• **TASK STATEMENT**: Exact repetition of a range: find the line containing "sourcing map Fusible" and the line containing "Tiramisu abricot rhubarbe" in the material below, then repeat both and all lines between them, leaving pictures out.

• **EXTRACTED MATERIAL**:

▬▬▬▬▬▬▬▬▬▬

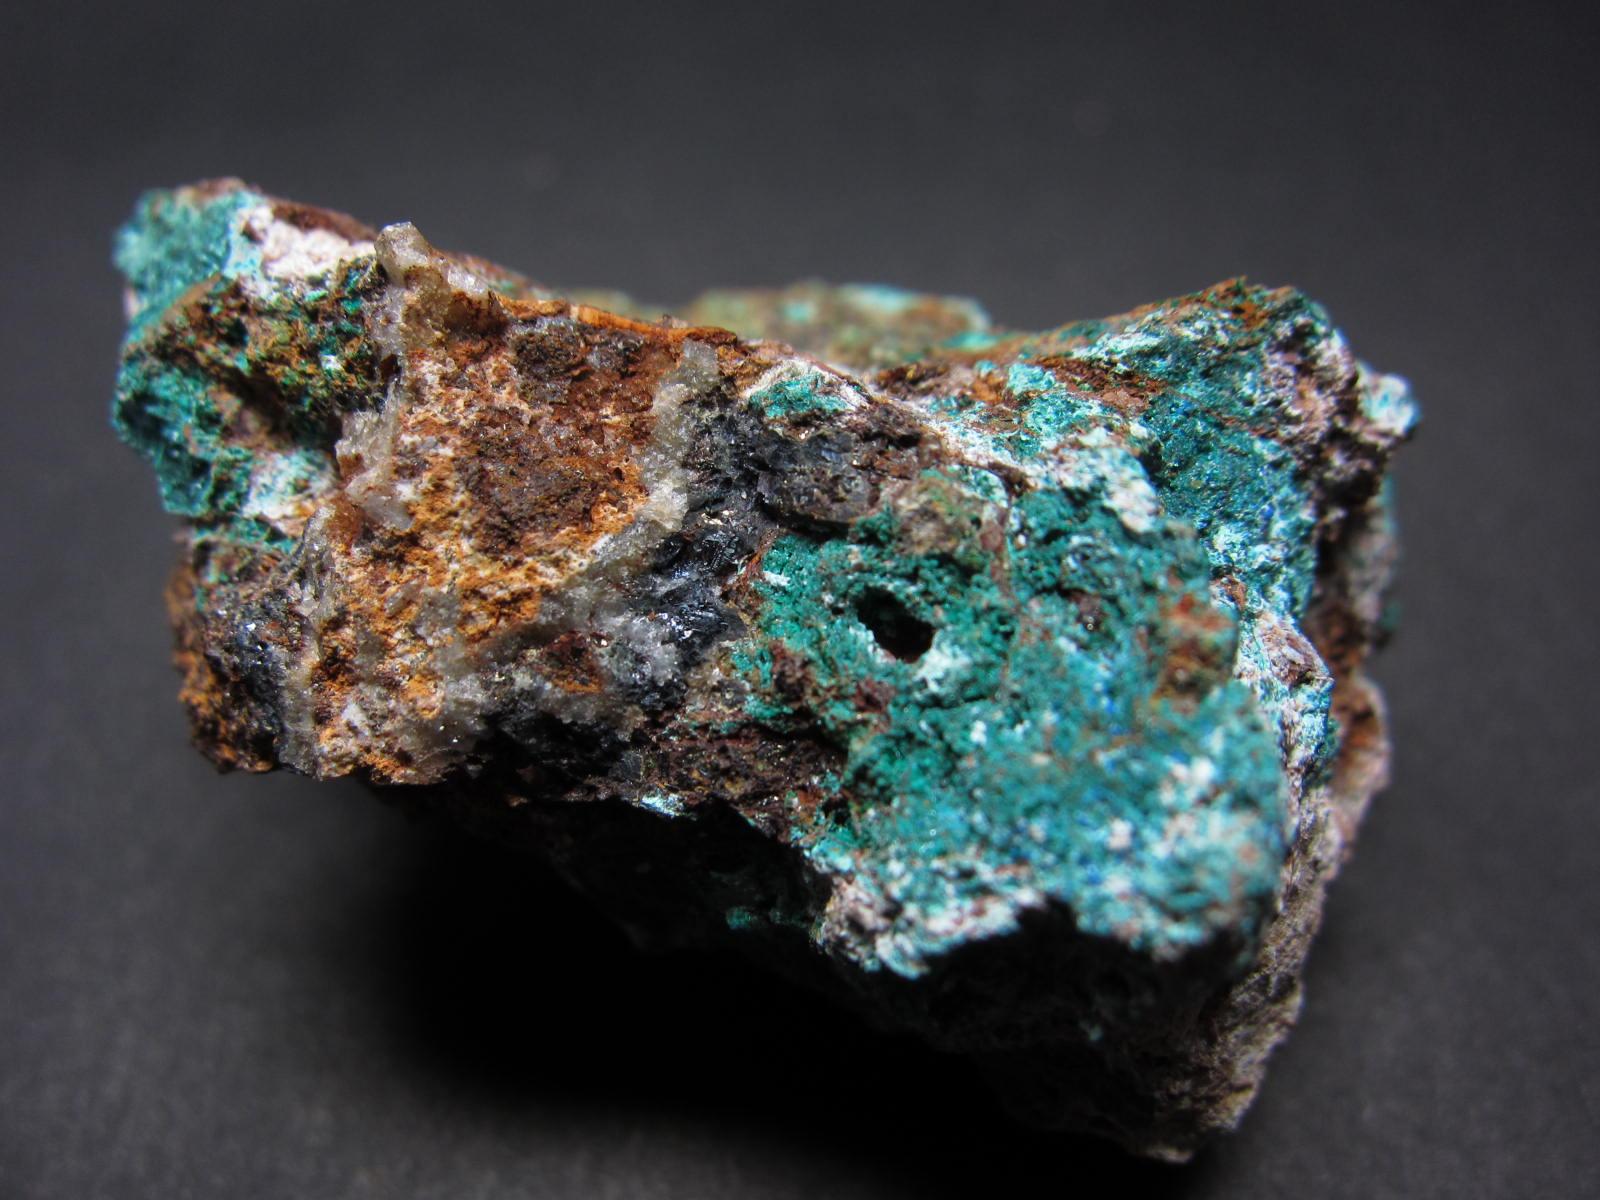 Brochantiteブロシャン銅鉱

▬▬▬▬▬▬▬▬▬▬

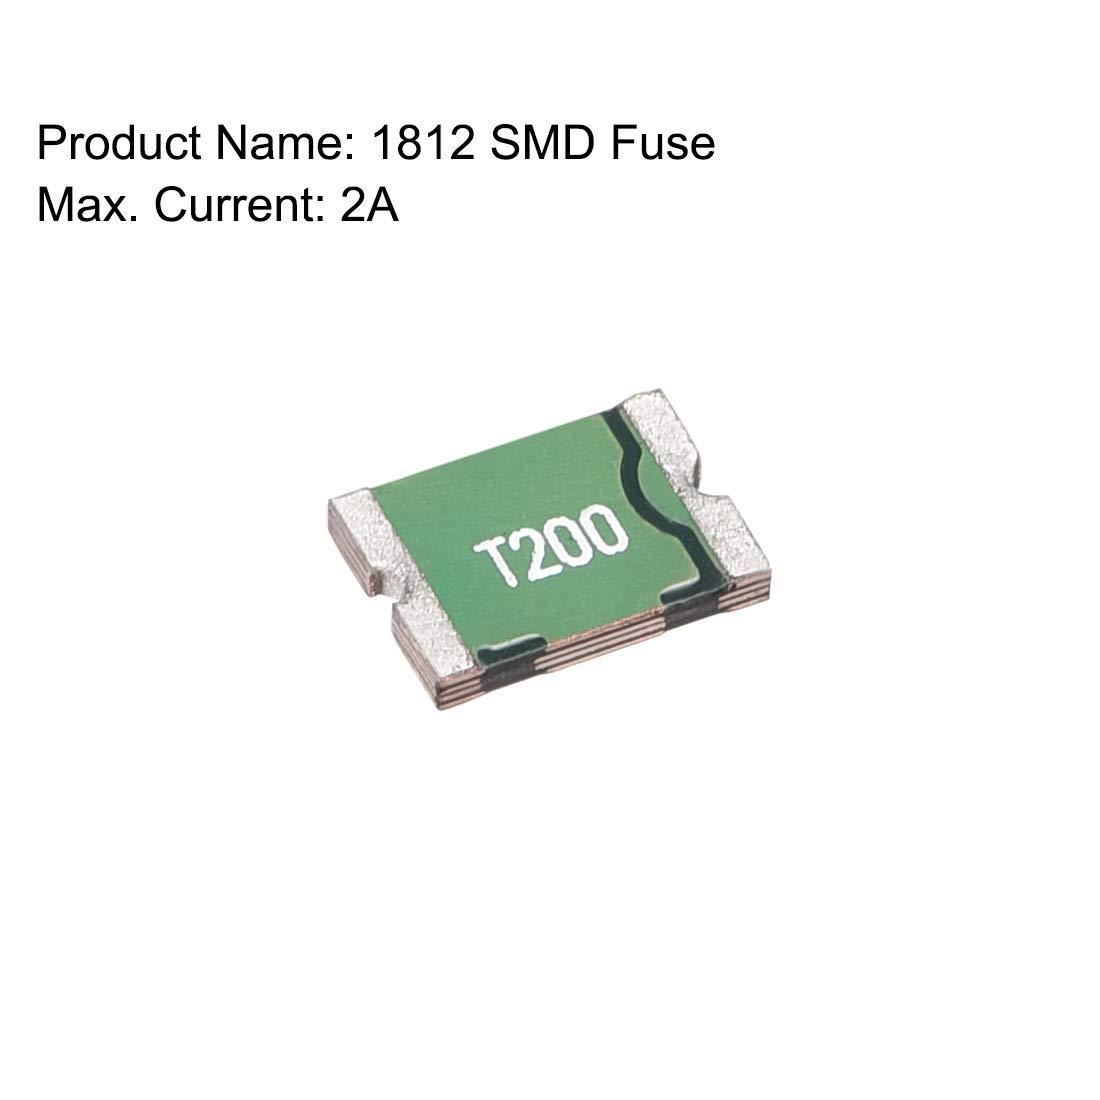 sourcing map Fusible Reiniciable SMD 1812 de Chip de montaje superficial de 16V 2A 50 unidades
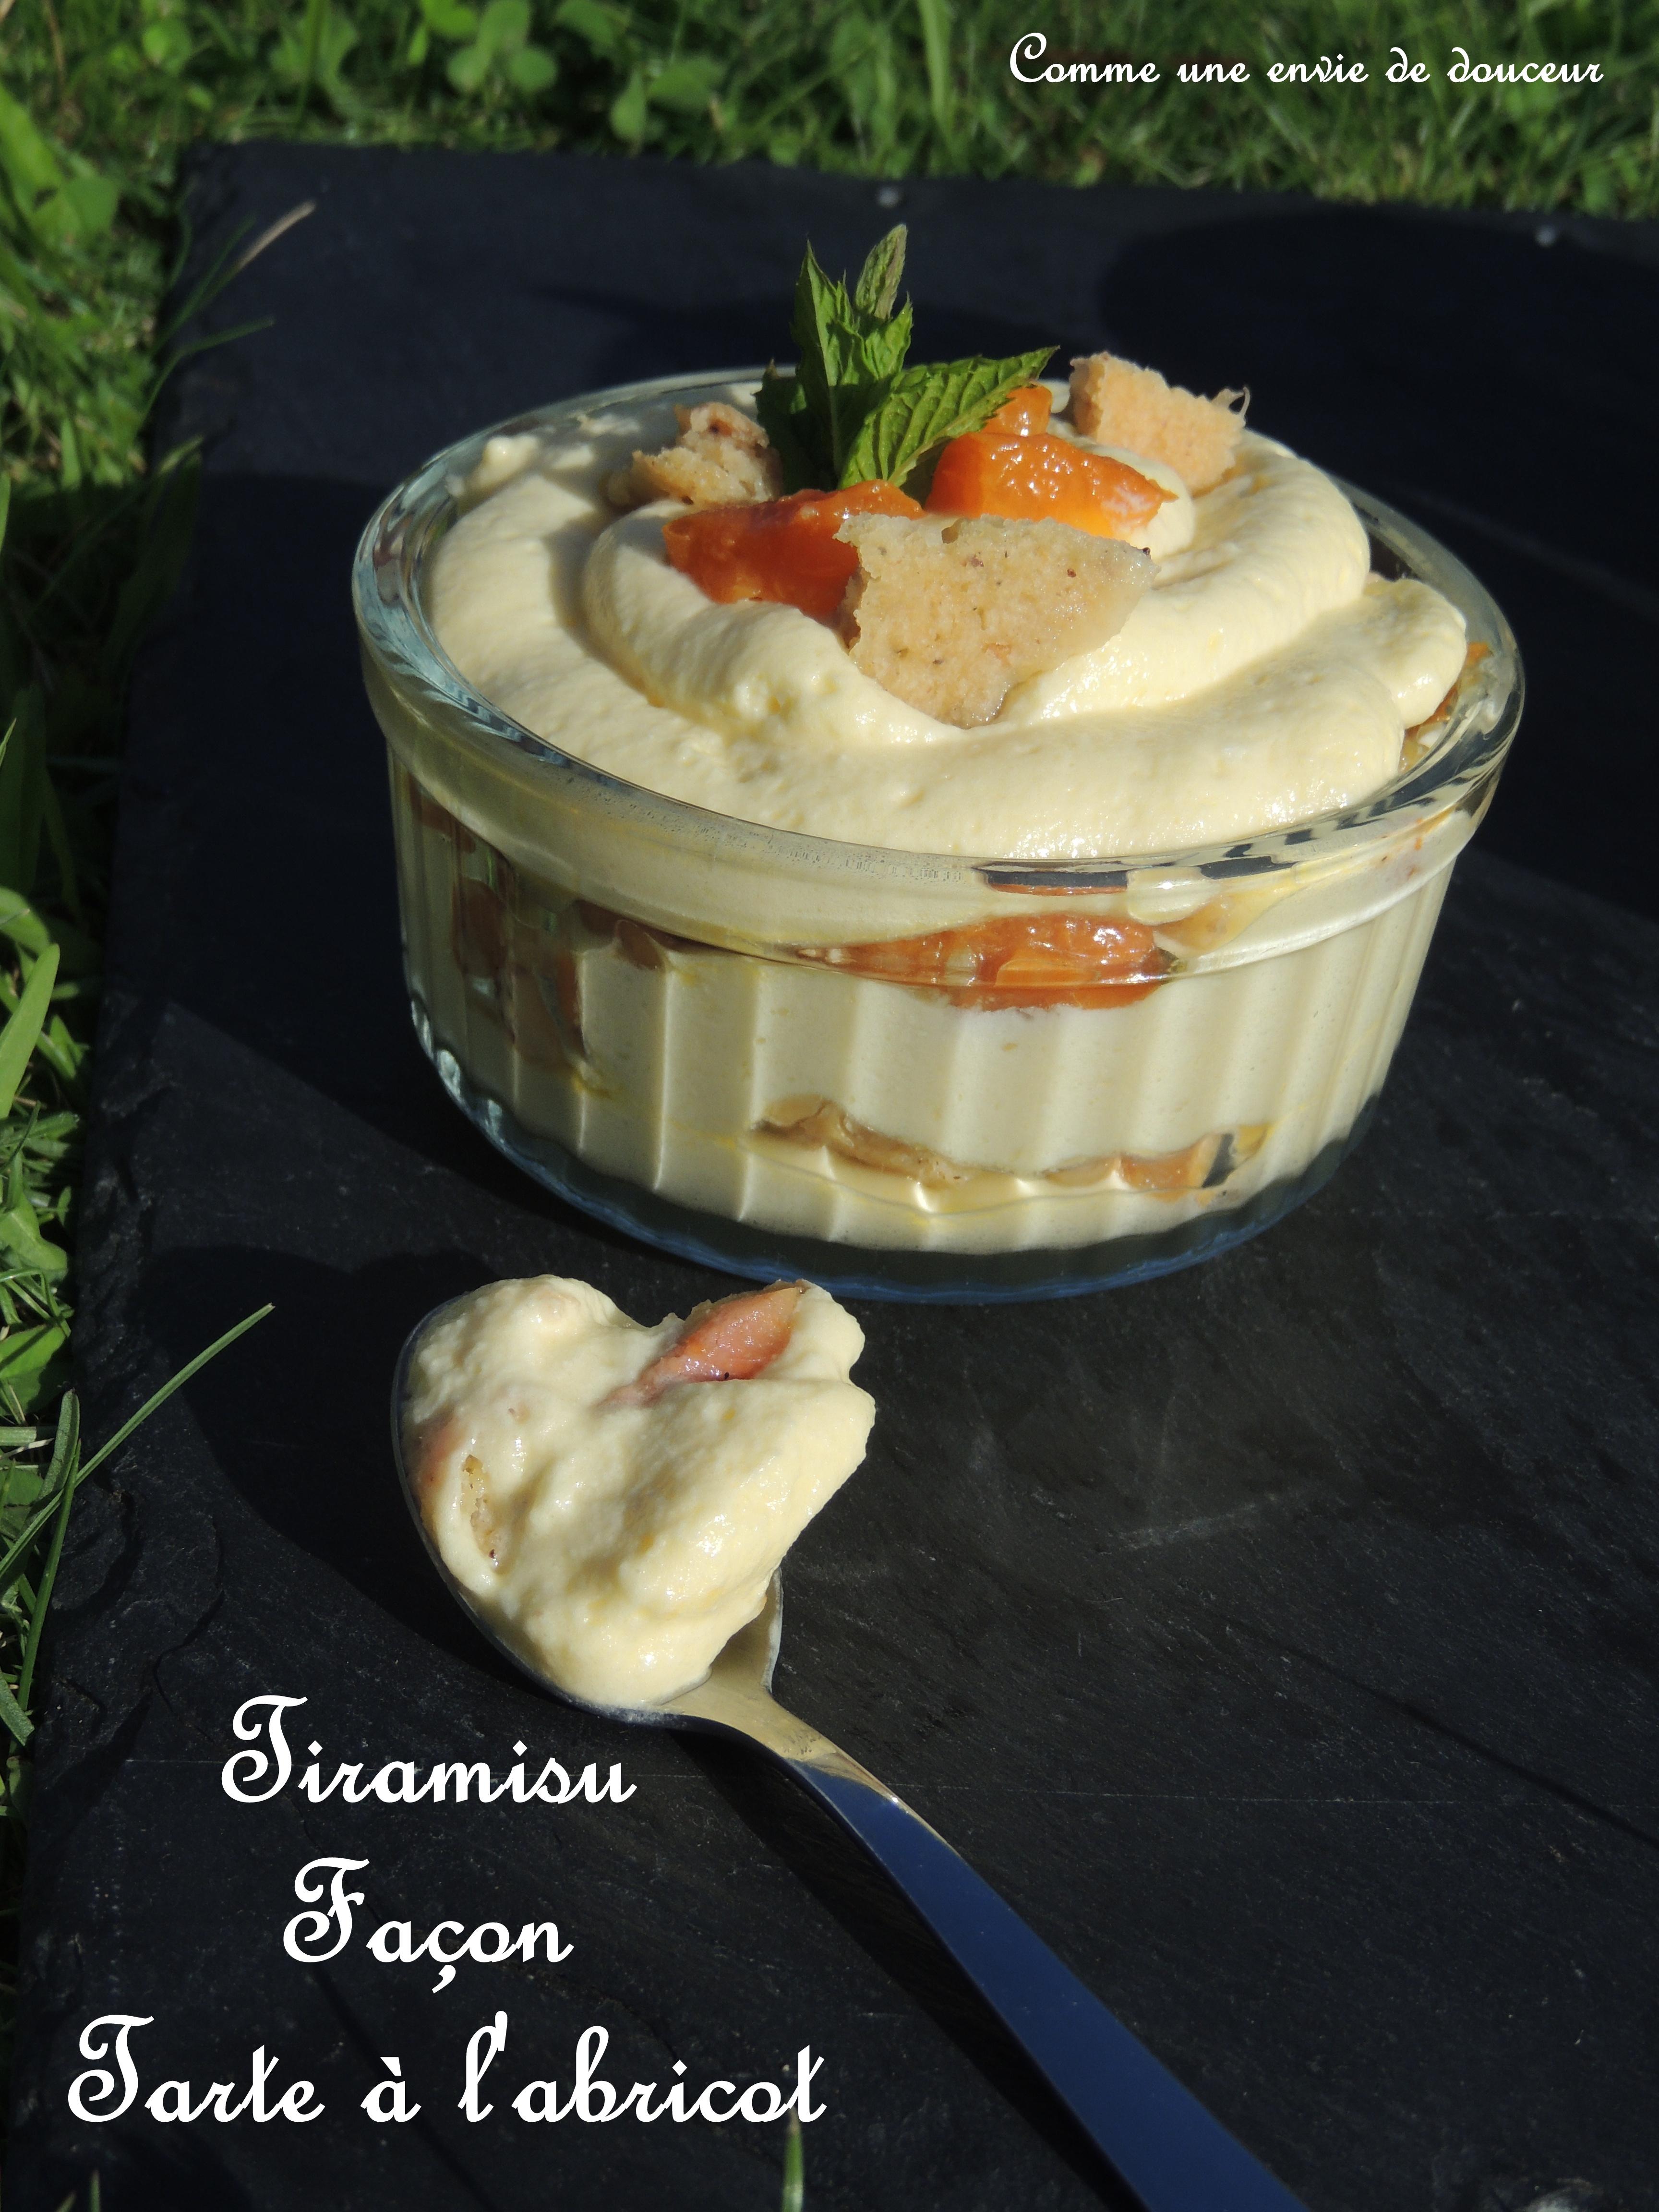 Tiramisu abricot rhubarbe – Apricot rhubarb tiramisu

▬▬▬▬▬▬▬▬▬▬

• **WRITTEN RESPONSE**:
 sourcing map Fusible Reiniciable SMD 1812 de Chip de montaje superficial de 16V 2A 50 unidades
 Tiramisu abricot rhubarbe – Apricot rhubarb tiramisu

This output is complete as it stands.